Discrediting tools and craft: Ted Barton comes to know a haggard oldster and town drunk by the name of William Christopher. However, back when Millgate was the true Millgate, William Christopher was his true self, a robust, sober, hard-working electronics expert. Philip K. Dick had great respect for men and women possessing expertise in handling material things – carpenters, masons, potters, auto mechanics – and abhorred the direction American society was headed: an entire population of service workers and telemarketers. This theme is picked up most directly in Galactic Pot-Healer.

Mental Projection and Mind Power: With his special mental powers, the above mentioned ten-year old Peter is able to vitalize and control his small Gumby-like clay creations he calls golems (one of the creepier parts of the tale) along with an entire menagerie of snakes, spiders and large viscous rats with red eyes. And Peter isn’t the only one who has such powers.

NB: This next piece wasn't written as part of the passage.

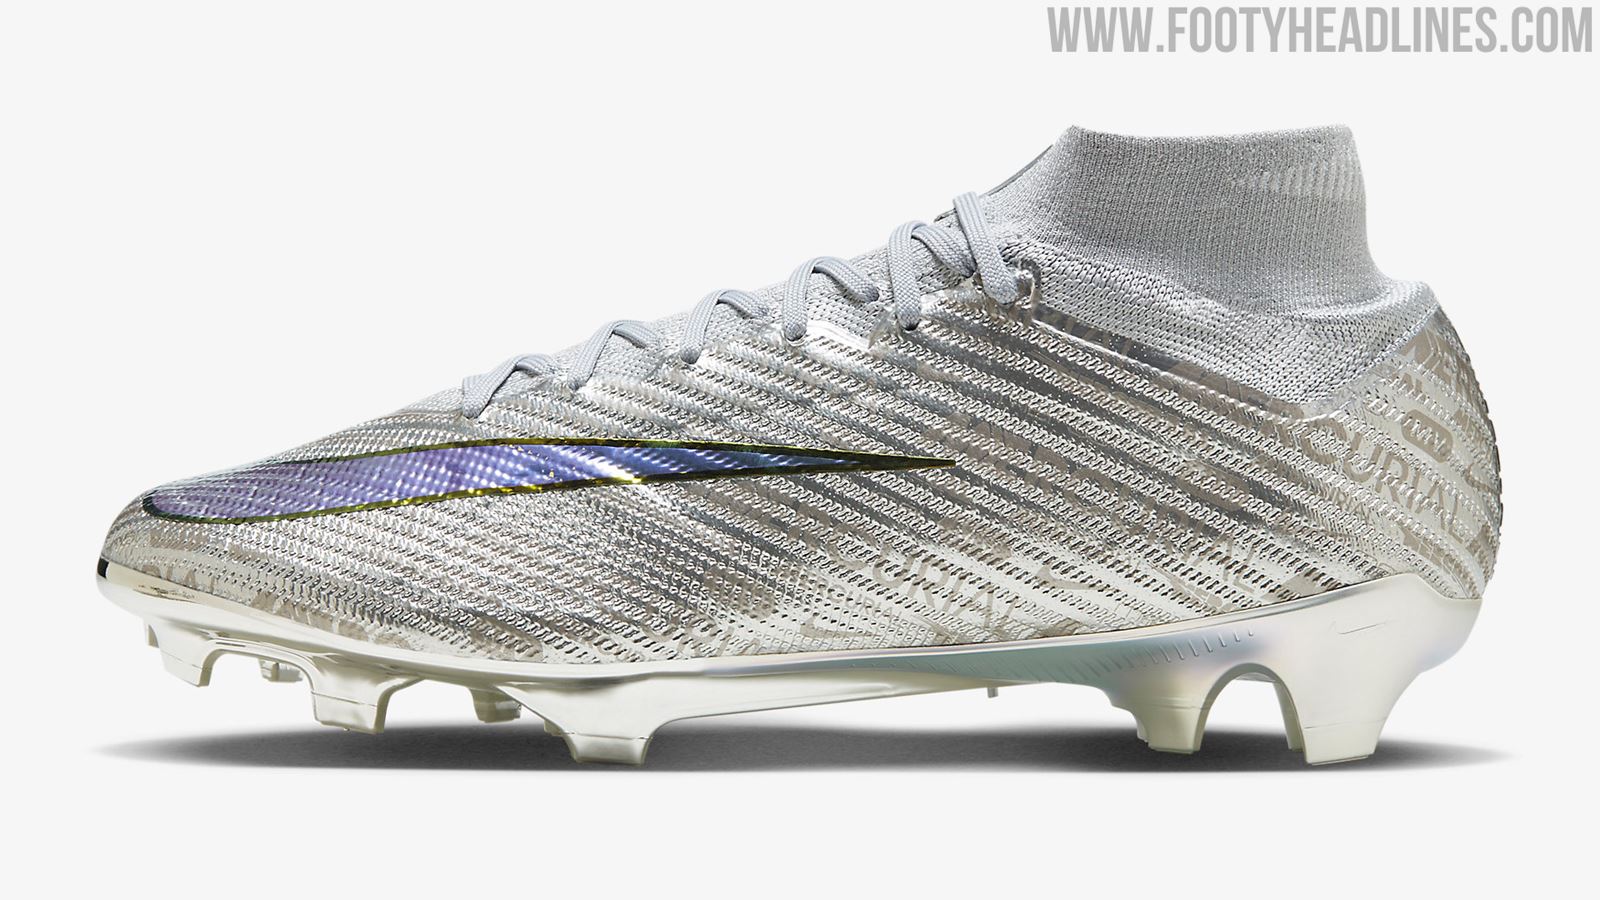 Trascendencia harto Creyente Spectacular Nike Mercurial Vapor & Superfly 'Disruption' 25 Years Limited- Edition Boots Released - Footy Headlines

Such a preoccupation with mental powers of one variety or another is prominent in dozens of the author's novels.

Cosmic forces and underlying divine power: Is all that we see only an illusion? Does our material world weigh us down and occlude our vision, block of perception of an underlying light that is the “true” reality? Or, is there more than one divine force acting in our universe, using humans and other mundane forms of life as if puppets on strings? On this last point, The Cosmic Puppets touches on such ancient dualistic religions as Zoroastrianism, Gnosticism and Manichaeism.

Ah, if we humans only knew the true nature of the ultimate, underlying reality! Philip K. Dick went on to write not only entire novels exploring this question in its many manifestations, such novels as The Divine Invasion and Valis but you can read all about it in his 1,000-page The Exegesis of Philip K. Dick. Want a preview? Dickheads of the world unite! - read The Cosmic Puppets.